I hope you have been getting these showers! Lisa
On Sat, May 5, 2018 at 10:18 AM ARTfarm on St. Croix, USVI wrote:
> artfarmllc posted: “Woo hoo!! Crispy greens! We will have salad through > the end of May. So we will be seeing you on Saturdays only, 10am – 12 noon > through the end of this month. After that we will announce ‘irregular’ > pop-up farmstands when we have fruit available, so that w” >
Hey Lisa!
This kind of confusion is exactly why we have really hesitated to create rules for shoppers in the farmstand. You’re absolutely right, if people are polite they should be able to reach through the line and pick up something off the table. There really is not a perfect one-way flow for the layout since the tomatoes are usually at the east end of the structure, basically after you check out. And there is a bit of a bustle when we first open the door when people get excited and don’t want to miss out on favorite items. But we also get the odd complaint here and there that there are some more aggressive customers not being kind and generous in line. I guess I was trying to address those concerns but it really just makes things more confusing. (Plus, those folks causing ruffled feathers seem to not be the ones who read our emails… Murphy’s Law.) There are one or two customers who will really clean out all of an item and not leave some for others, and there are other instances when people unintentionally cut the line or absentmindedly step in front of someone and cause them ire.
Instead of us pleading for a certain type of order in the farmstand, I think people just need to politely inform the other customer if they have been cut in line, as one might do at the bank or post office. We do not have the ability to police the line during a farmstand, nor should that be any more necessary than it would be at Plaza Extra. Of course we have a lot fewer checkout lines and a much tighter space in which people can operate.
I don’t believe I’ve ever had a complaint about you specifically, and in fact most folks who complain do not name the offender. I am afraid that I am causing more problems than solving them by trying to set down rules about shopping, other than suggest that customers should be generous with each other and try to cultivate an attitude of abundance.
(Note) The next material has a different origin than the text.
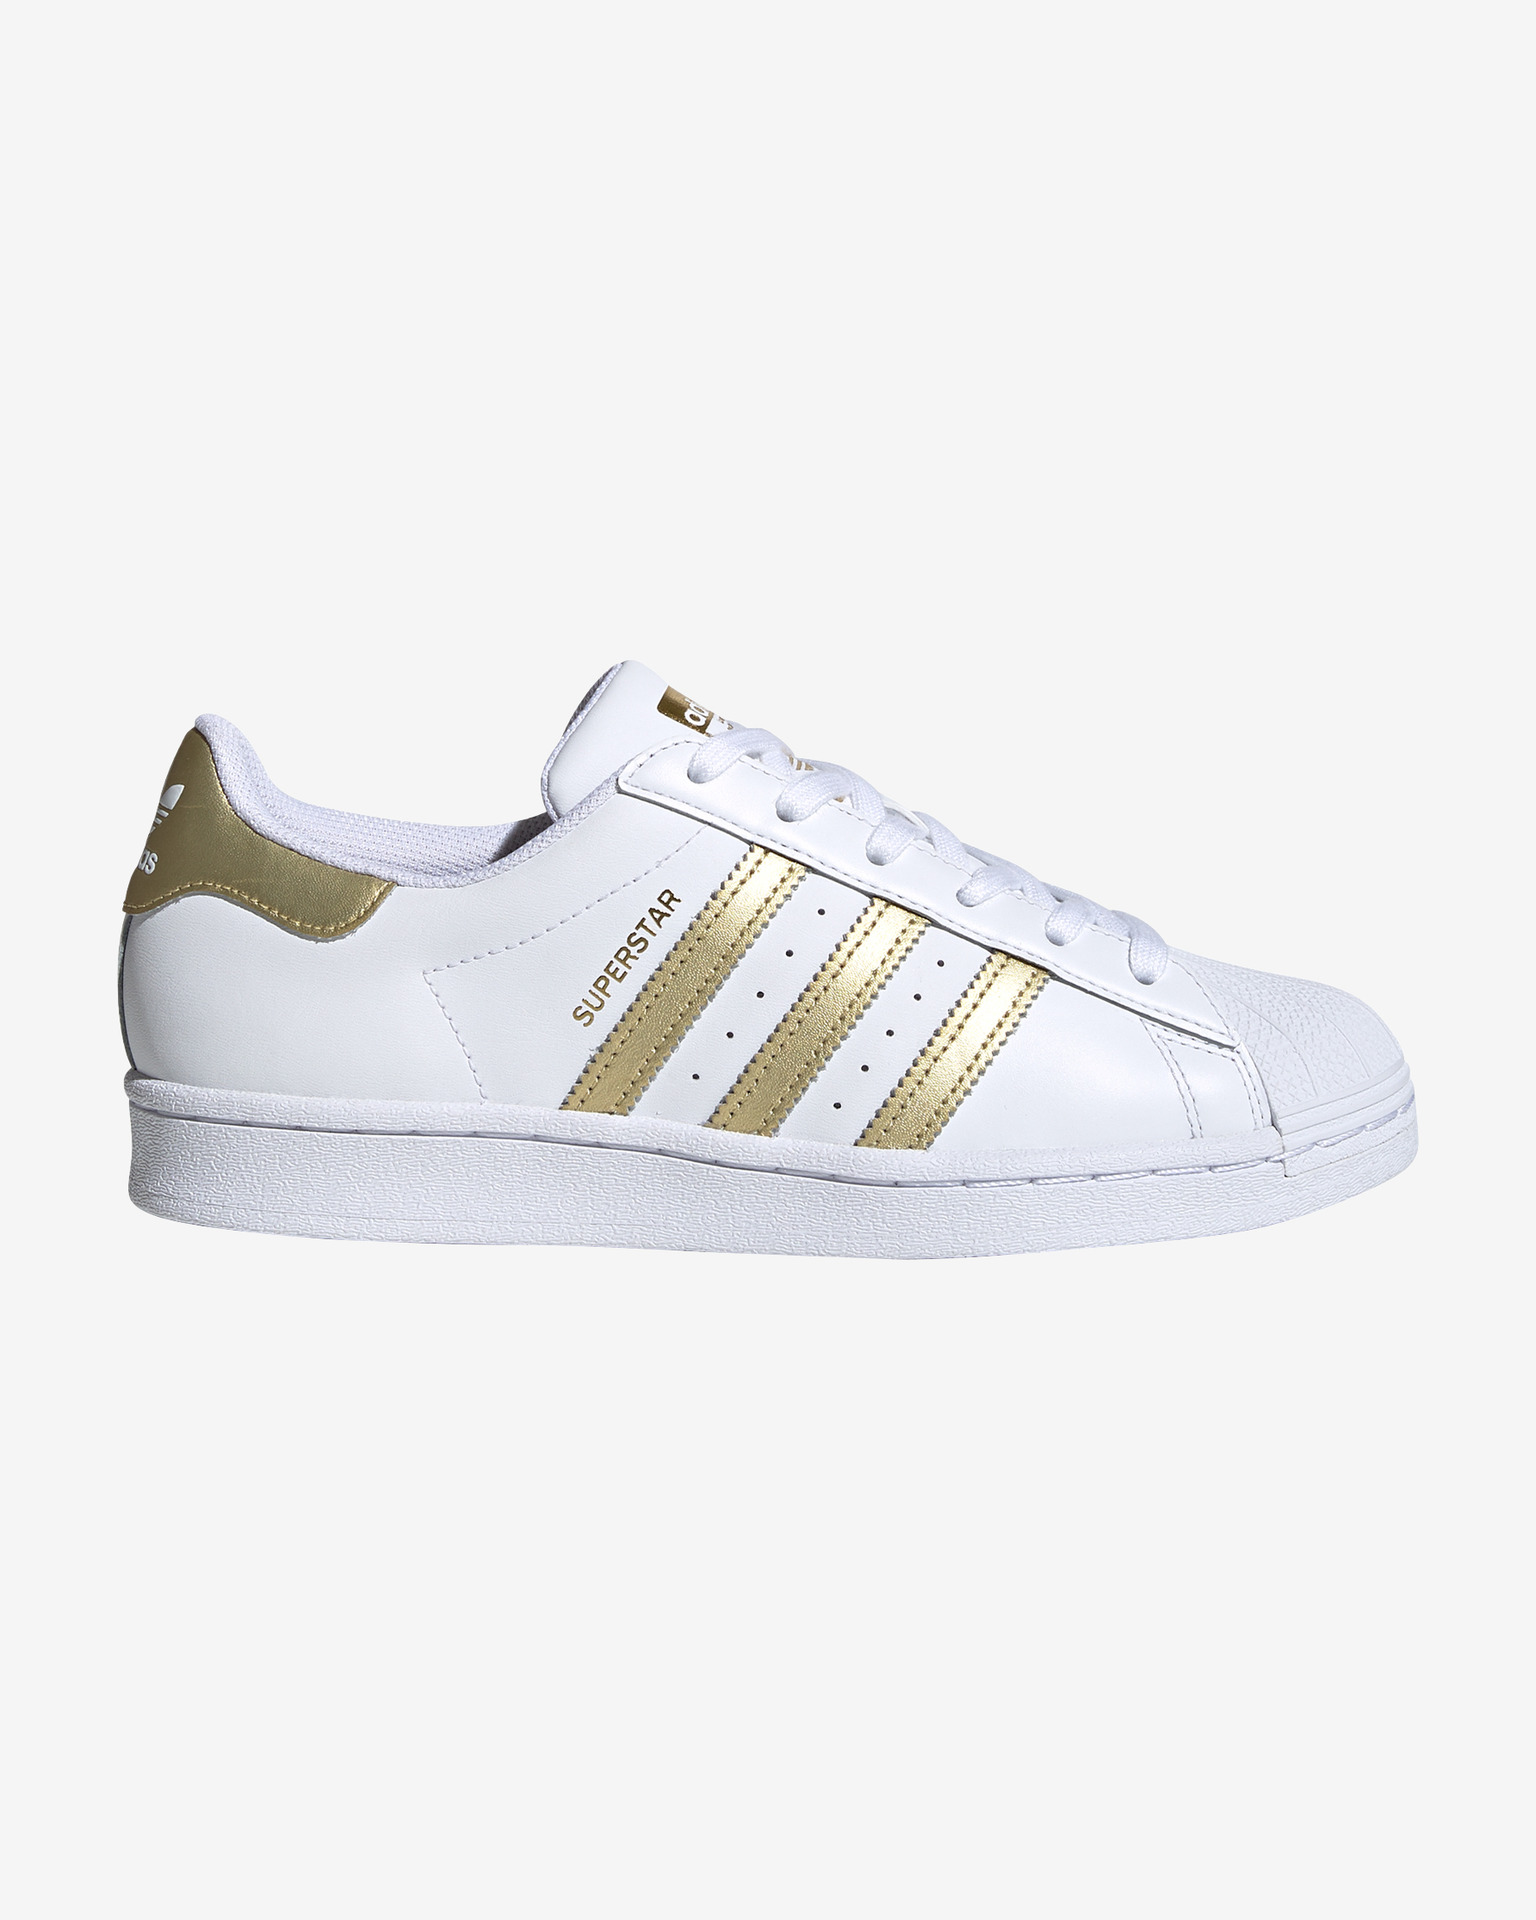 adidas Black Superstar Sneaker | Adidas outfit women, Black superstar, Adidas  shoes superstar

In theory the people who waited from early in line outside should have first pick, but logically someone only grabbing a bag of salad greens should be able to check out as soon as they have that item in hand. Asking people to remain in line while they shop means that items are distributed according to how long someone has waited, and it doesn’t reward aggression. But it’s still perhaps not realistic. If you have any better suggestions that don’t involve hiring more staff we are open to considering alternatives to improve things for everyone.
Thank you for your full answer! I wish I did have helpful suggestions, but I don’t. It may just be the nature of limited amounts of wonderful produce and people who all hope to eat it.